H2OWorld - Building Machine Learning Applications with Sparkling Water

Requirements

Provided on USB

Machine Learning Workflow

Goal: For a given text message, identify if it is spam or not.

  1. Extract data
  2. Transform & tokenize messages
  3. Build Spark's Tf-IDF model and expand messages to feature vectors
  4. Create and evaluate H2O's Deep Learning model
  5. Use the models to detect spam messages

Prepare environment

  1. Run Sparkling shell with an embedded Spark cluster:

    cd "path/to/sparkling/water"
    export SPARK_HOME="/path/to/spark/installation"
    export MASTER="local-cluster[3,2,4096]"
    bin/sparkling-shell --conf spark.executor.memory=2G
    

    Note: To avoid flooding output with Spark INFO messages, I recommend editing your $SPARK_HOME/conf/log4j.properties and configuring the log level to WARN.

  2. Open Spark UI: Go to http://localhost:4040/ to see the Spark status.

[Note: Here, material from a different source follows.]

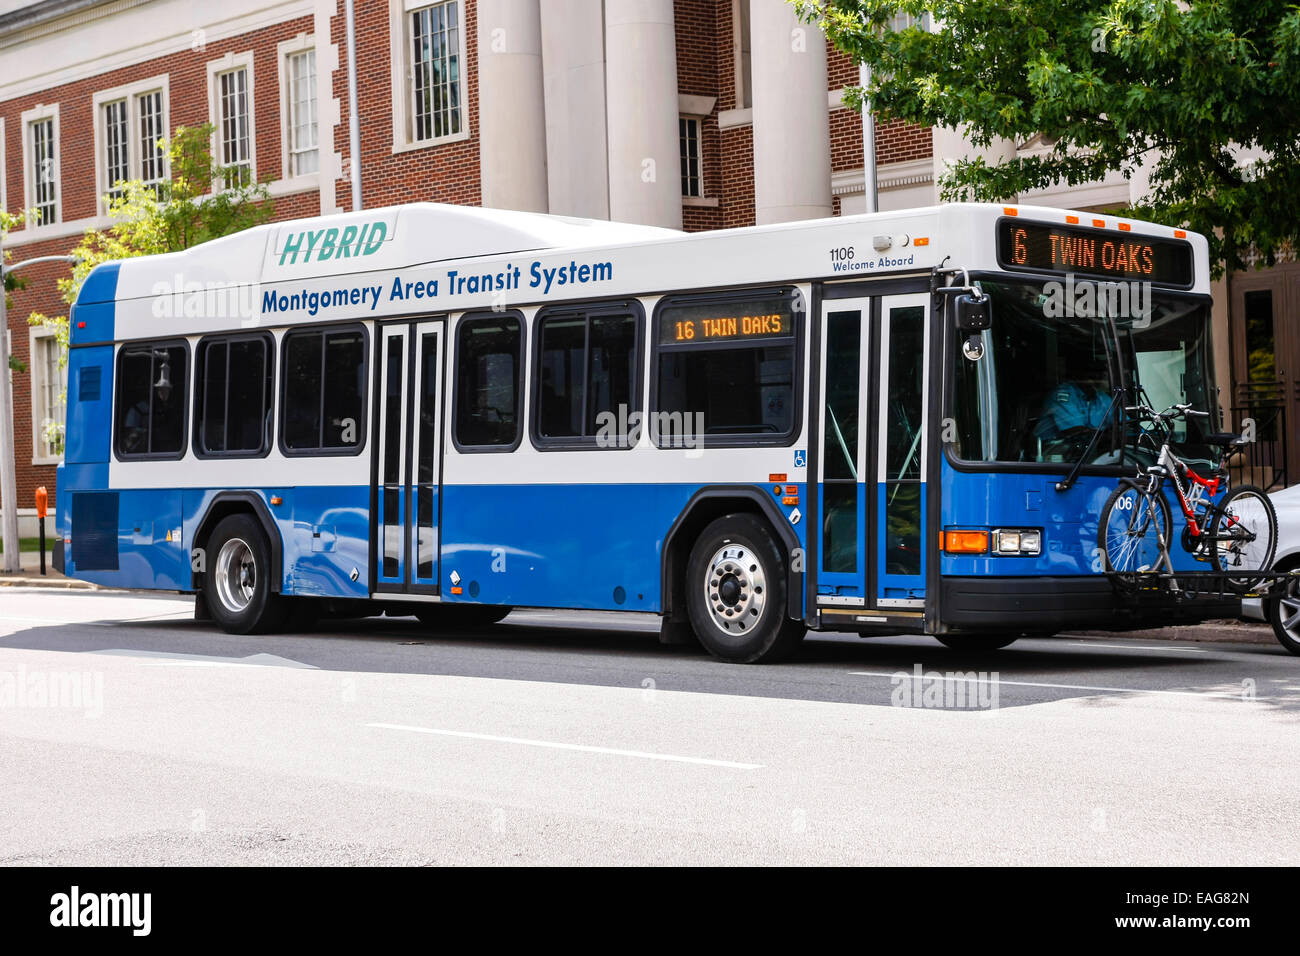 Montgomery Area Transit System hybrid city bus Stock Photo
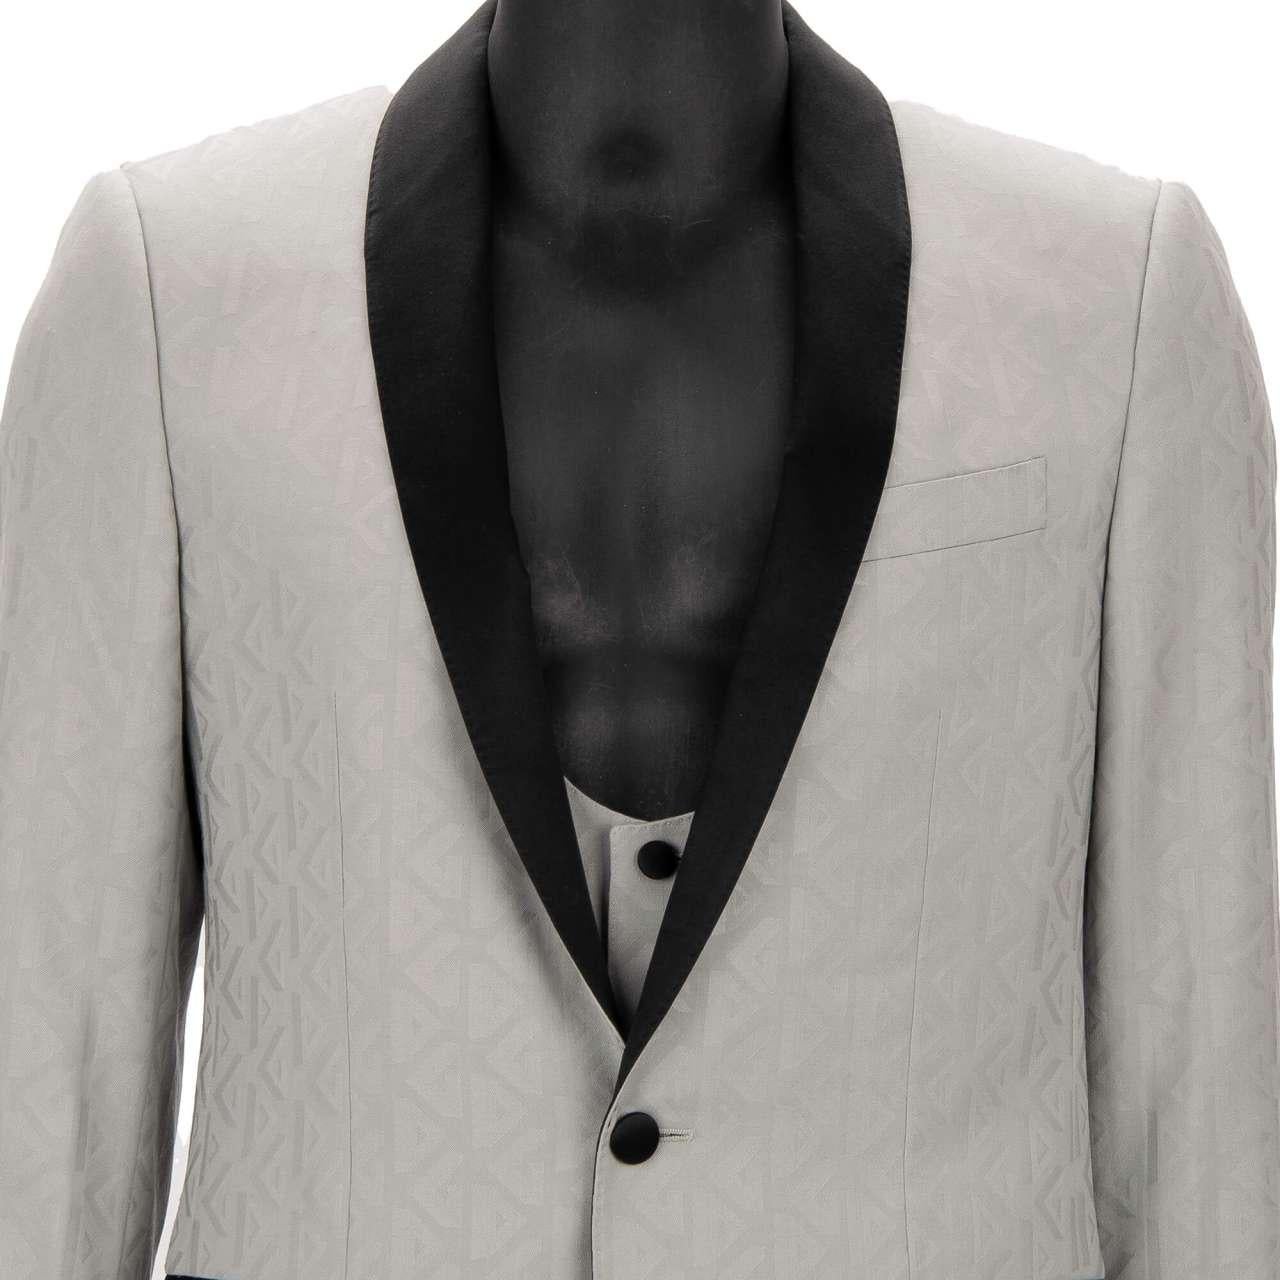 Dolce & Gabbana 3 Piece Silk Wool Suit Jacket Waistcoat MARTINI Gray 48 38 M For Sale 5

  3. Prepare the environment:

    // Input data
    val DATAFILE="../data/smsData.txt"
    // Common imports from H2O and Sparks
    import _root_.hex.deeplearning.{DeepLearningModel, DeepLearning}
    import _root_.hex.deeplearning.DeepLearningParameters
    import org.apache.spark.examples.h2o.DemoUtils._
    import org.apache.spark.h2o._
    import org.apache.spark.mllib
    import org.apache.spark.mllib.feature.{IDFModel, IDF, HashingTF}
    import org.apache.spark.rdd.RDD
    import water.Key
    
  4. Define the representation of the training message:

    // Representation of a training message
    case class SMS(target: String, fv: mllib.linalg.Vector)
    
  5. Define the data loader and parser:

    def load(dataFile: String): RDD[Array[String]] = {
     // Load file into memory, split on TABs and filter all empty lines
     sc.textFile(dataFile).map(l => l.split("\t")).filter(r => !r(0).isEmpty)
    }
    
  6. Define the input messages tokenizer:

    // Tokenizer
    // For each sentence in input RDD it provides array of string representing individual interesting words in the sentence
    def tokenize(dataRDD: RDD[String]): RDD[Seq[String]] = {
     // Ignore all useless words
     val ignoredWords = Seq("the", "a", "", "in", "on", "at", "as", "not", "for")
     // Ignore all useless characters
     val ignoredChars = Seq(',', ':', ';', '/', '<', '>', '"', '.', '(', ')', '?', '-', '\'','!','0', '1')
    
     // Invoke RDD API and transform input data
     val textsRDD = dataRDD.map( r => {
       // Get rid of all useless characters
       var smsText = r.toLowerCase
       for( c <- ignoredChars) {
         smsText = smsText.replace(c, ' ')
       }
       // Remove empty and uninteresting words
       val words = smsText.split(" ").filter(w => !ignoredWords.contains(w) && w.length>2).distinct
    
       words.toSeq
     })
     textsRDD
    }
    
  7. Configure Spark's Tf-IDF model builder:

    def buildIDFModel(tokensRDD: RDD[Seq[String]],
                     minDocFreq:Int = 4,
                     hashSpaceSize:Int = 1 << 10): (HashingTF, IDFModel, RDD[mllib.linalg.Vector]) = {
     // Hash strings into the given space
     val hashingTF = new HashingTF(hashSpaceSize)
     val tf = hashingTF.transform(tokensRDD)
    
     // Build term frequency-inverse document frequency model
     val idfModel = new IDF(minDocFreq = minDocFreq).fit(tf)
     val expandedTextRDD = idfModel.transform(tf)
     (hashingTF, idfModel, expandedTextRDD)
    }
    

    Wikipedia defines TF-IDF as: "tf–idf, short for term frequency–inverse document frequency, is a numerical statistic that is intended to reflect how important a word is to a document in a collection or corpus. It is often used as a weighting factor in information retrieval and text mining. The tf-idf value increases proportionally to the number of times a word appears in the document, but is offset by the frequency of the word in the corpus, which helps to adjust for the fact that some words appear more frequently in general."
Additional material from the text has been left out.